Me and Laura Ingalls

I’d have made a shitty pioneer.

Our dishwasher stopped draining last Tuesday, because fuck you. Scott and I are in budgeting season, when everything is a tip-toe balance to make the rest of the year run smoothly. “We can fix this,” I said.

Scott was not so optimistic. “Well, let’s try.”
We checked the filters, the obvious culprits, and got hopeful when we removed a trapped popsicle wrapper. (Don’t ask how it got there.) But no, after I ran the drain cycle, the two inches of chunky food-muck remained. Disgusted, I turned off the power (the appliance has its own switch) and jammed my hand down its works.

I presume my Oby-gyn feels this way at some point during my annual visit, fumbling around in a slimy, invisible cavity hunting for God-only-knows-what. I located more of the popsicle wrapper and about a ton of noodles. I achieved nothing.

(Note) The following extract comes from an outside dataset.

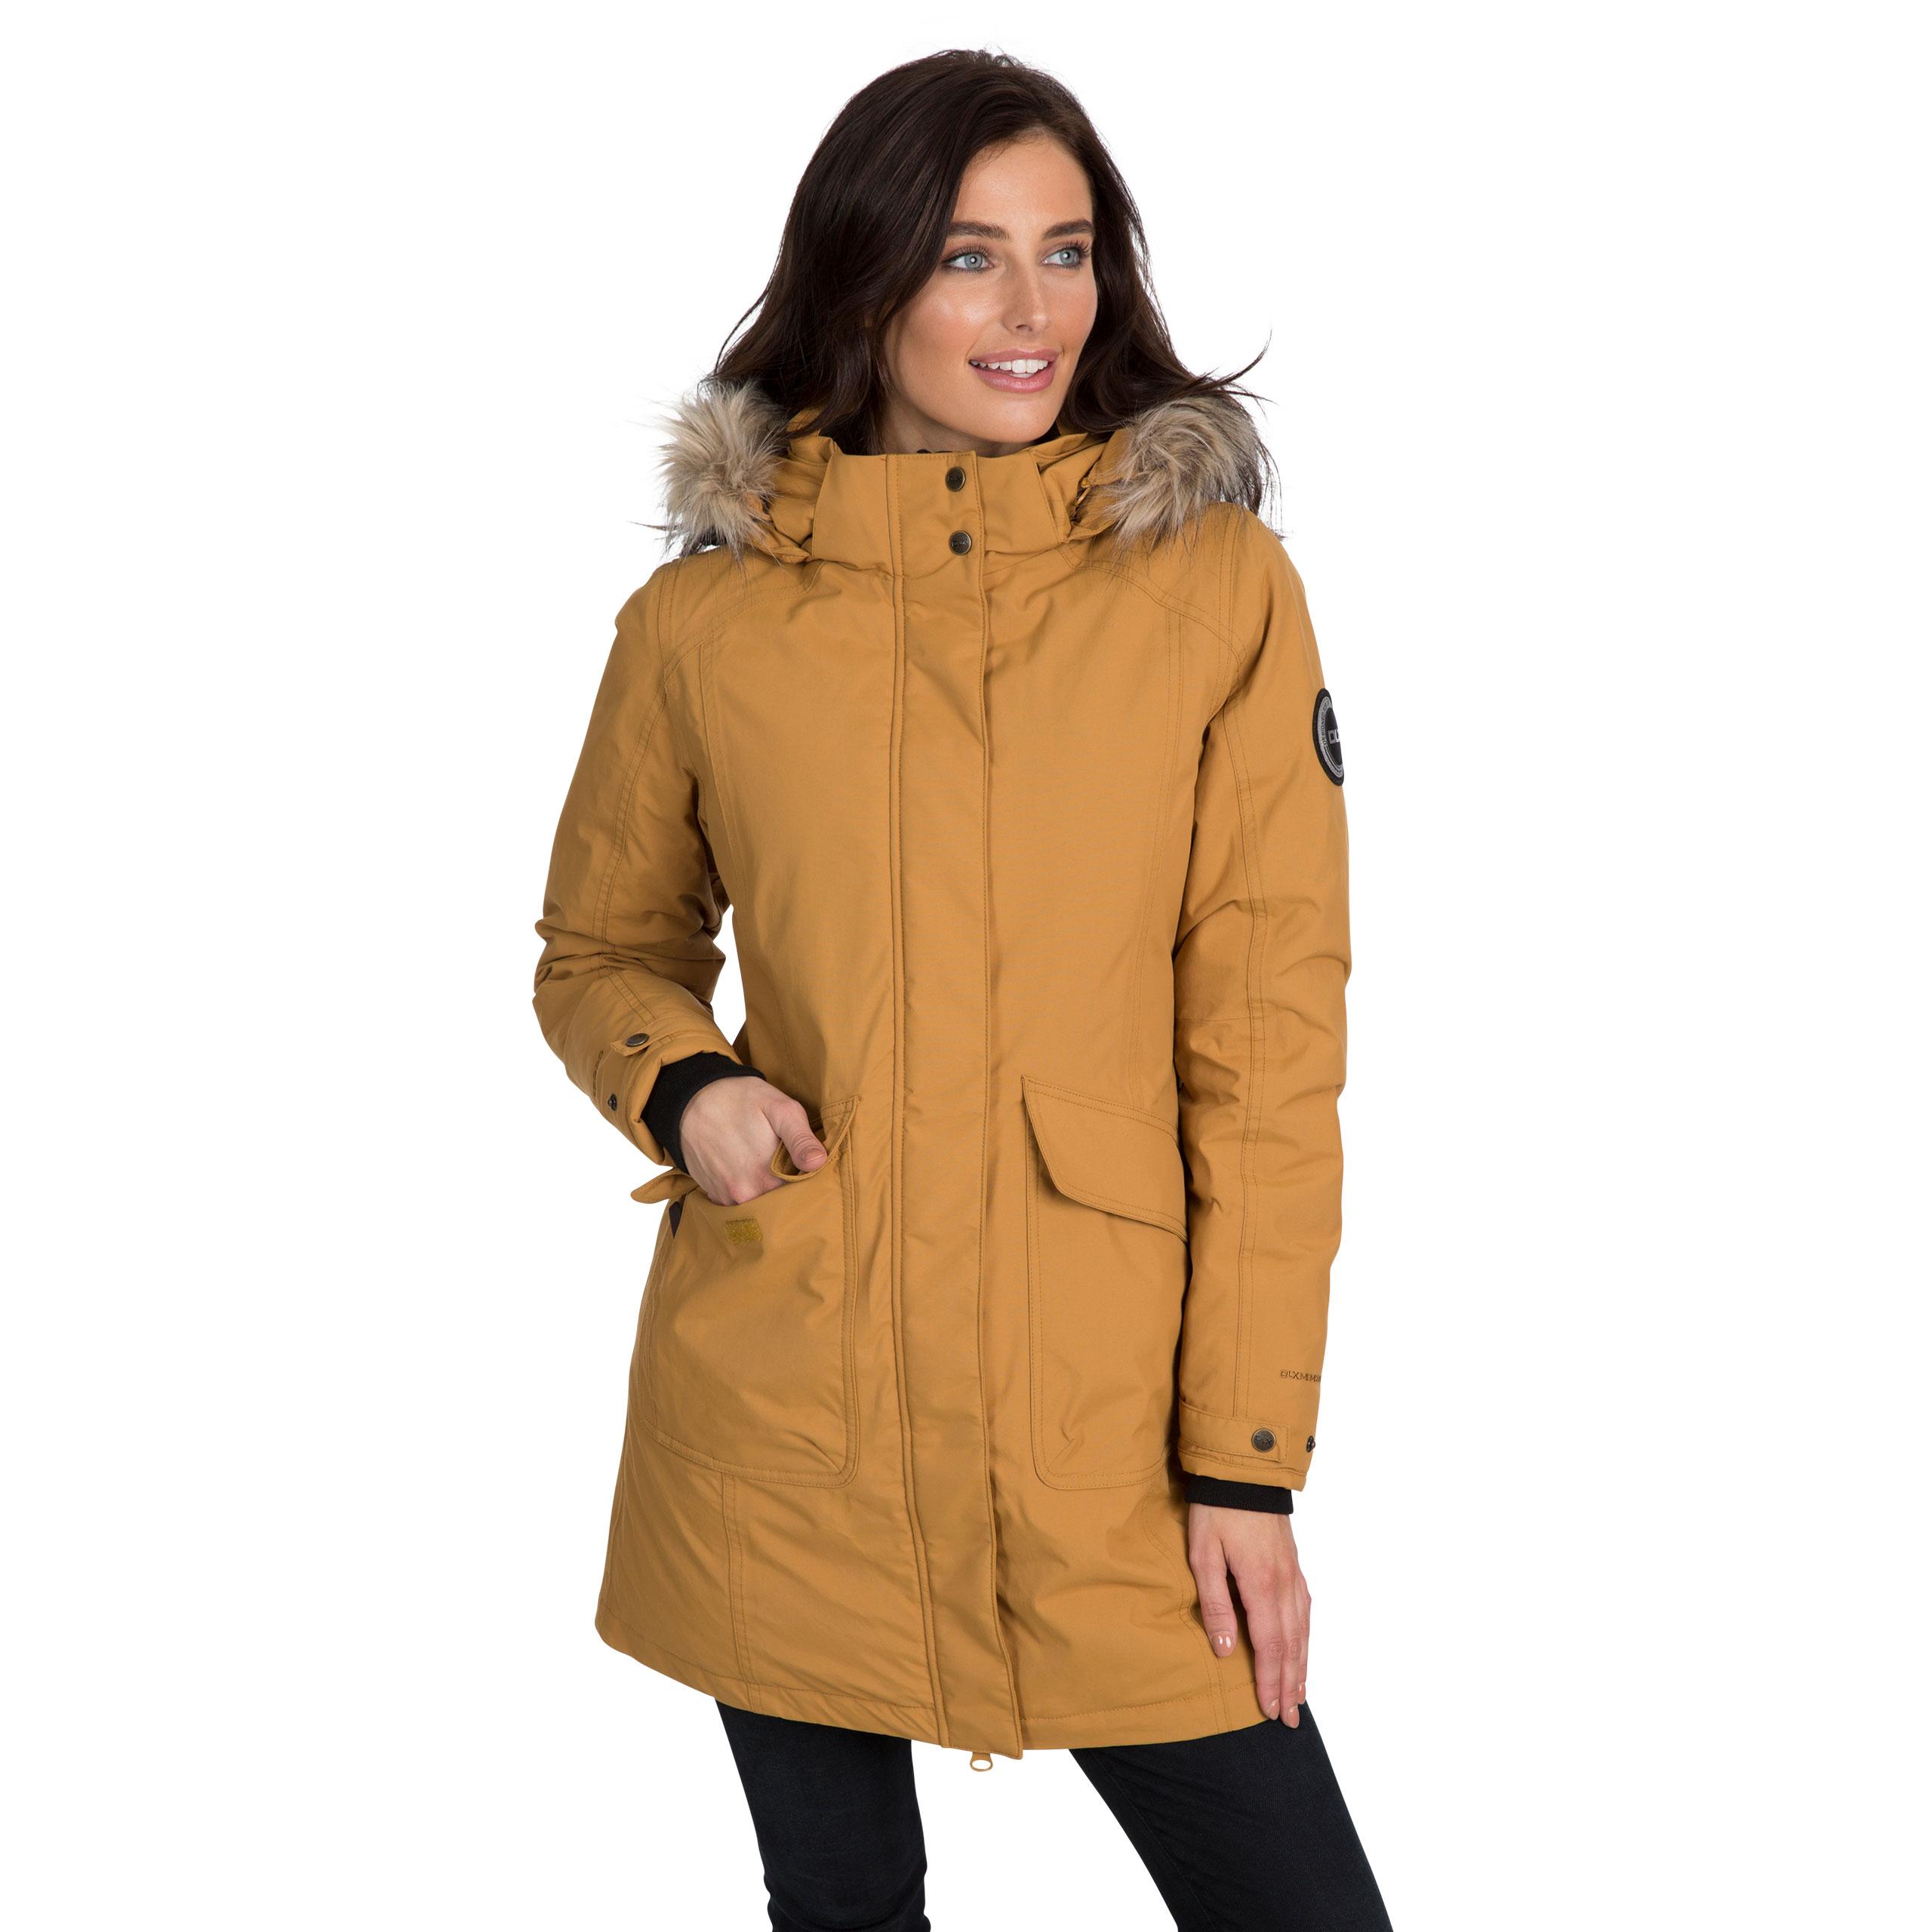 DLX Bettany Waterproof Parka Down Jacket DLX Black Yellow Green Raincoat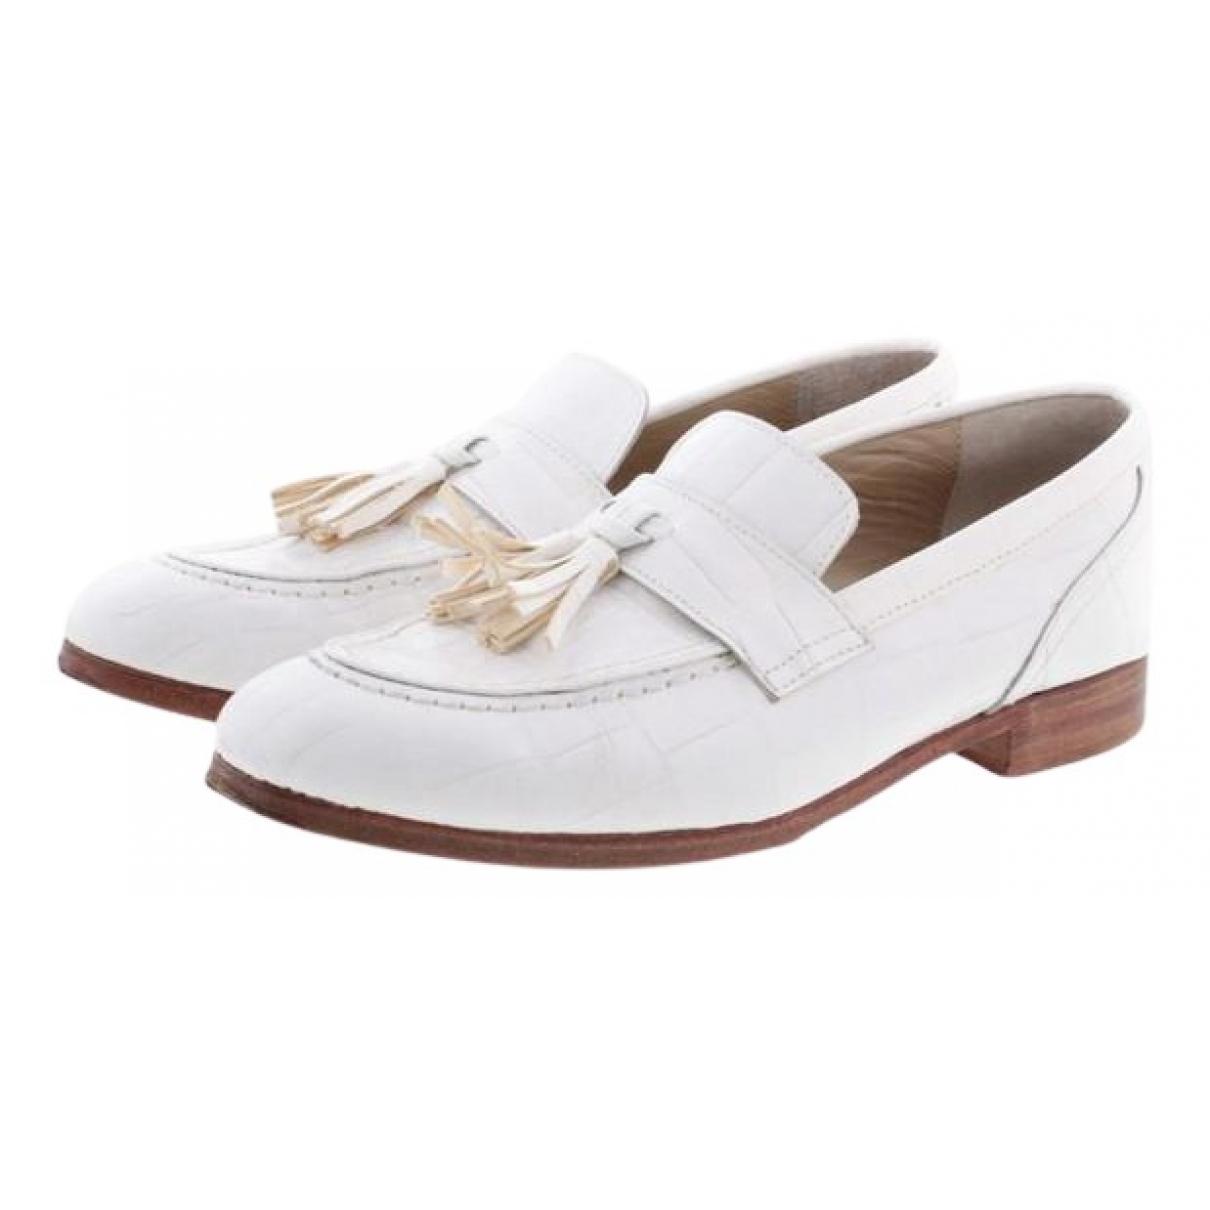 Comme Des Garcons N White Leather Lace ups for Women 38 EU

“Damn it, the thing’s only clogged!” I didn’t kick it. (But only because I was sitting down.) “You can hear all its happy little motors slurping away. Let’s take the hose apart.”

“I’ll get the shop vac,” Scott suggested.

While removing the standing water significantly reduced the gross-out factor, it did nothing to get us dishes that didn’t reek of swamp. We did take the hose apart, only to discover that we were probably right. Clogged. Water went in the tub, but it never drained out.

“That does it,” I announced. “I’m consulting the internet.”

“Lemon. We didn’t have this problem with the last one.”

No, but it was ancient. Its time was coming. This isn’t two whole years old! “Give me the model number, and I’ll see if there’s anything specific.”

“Ready? It’s G…D…F—”

“You’re kidding.”

“Nope. Geronimo, Delta, Foxtrot.”

“Fucking apt. Not a good sign. Wish me luck.”

The internet said nothing about my GDF machine. Or not it in particular. After viewing the third God-Damned plumber video carefully showing me how to clean the Fucking filters, I was ready to explode. I stopped You-Tubing and started Googling.

“Baking soda and boiling water,” I finally concluded. “It’s what you do for a clogged drain.”

“Says doctor internet.”

“Three sites concur, so it must be true.”

“Three being the magic number and all.”

Still, five rounds of baking-soda-boil, two Harry Potter quips, and multiple shop vac suctions later, the fucker worked.

For two nights.

Thursday, Scott turned it on only to be greeted with a flood. The soap hadn’t even popped yet, but the kitchen floor was instantly coated with a thin layer of slime.

The plumber comes Thursday.

By then, we’ll have been a week washing dishes by hand, which is to say Scott will have been a week washing dishes by hand. I’ll scrub toilets more willingly. Clean kitchenware is Scott’s arena even when all our appliances are fully functional. With one down, I’m content to let the plates back up. I have, however, been caught in guilt induced drying fits.

My ancestors with their tin tubs and scrub boards, their calloused hands gnarly and twisted, may roll over in their graves, but I, may it please the court, shall dine on paper.

About jesterqueen:
Jessie Powell is the Jester Queen. She likes to tell you about her dog, her kids, her fiction, and her blog, but not necessarily in that order.

Comments

Me and Laura Ingalls — 6 Comments

  1. Bless you, and I’m sorry, in no particular order. 🙂

    As a thought (probably too late, if the plumber has already been contracted), my sis and I had super luck unclogging a horribly sluggish bathtub drain — pour in one cup of original Dawn dish detergent, let stand 1 hour, then pour in a LOT of hot (nearly, but not quite, boiling) water; we used a couple of large Dutch ovens, each a bit more than half full. Worked!!

    Personally, I’m OCD enough that I refuse to use the dishwasher (for anything more than storing the dish drainer)!! I’m perfectly happy to wash dishes by hand! Hope things are sorted out for you soon.

    • Scott thinks we’ve popped a hose underneath the machine. Possibly, there’s just noplace else for the water to go when it clogs while full, so it floods, but we agreed at the outset that if we could identify or see the problem, we’d try to fix it, but if it got to the point where it was both out of sight AND hard to identify (I think it’s the slime factor that nailed us both. Why the hell was it slimy after only just being poured in from the water pipe?), we’d call in the pros.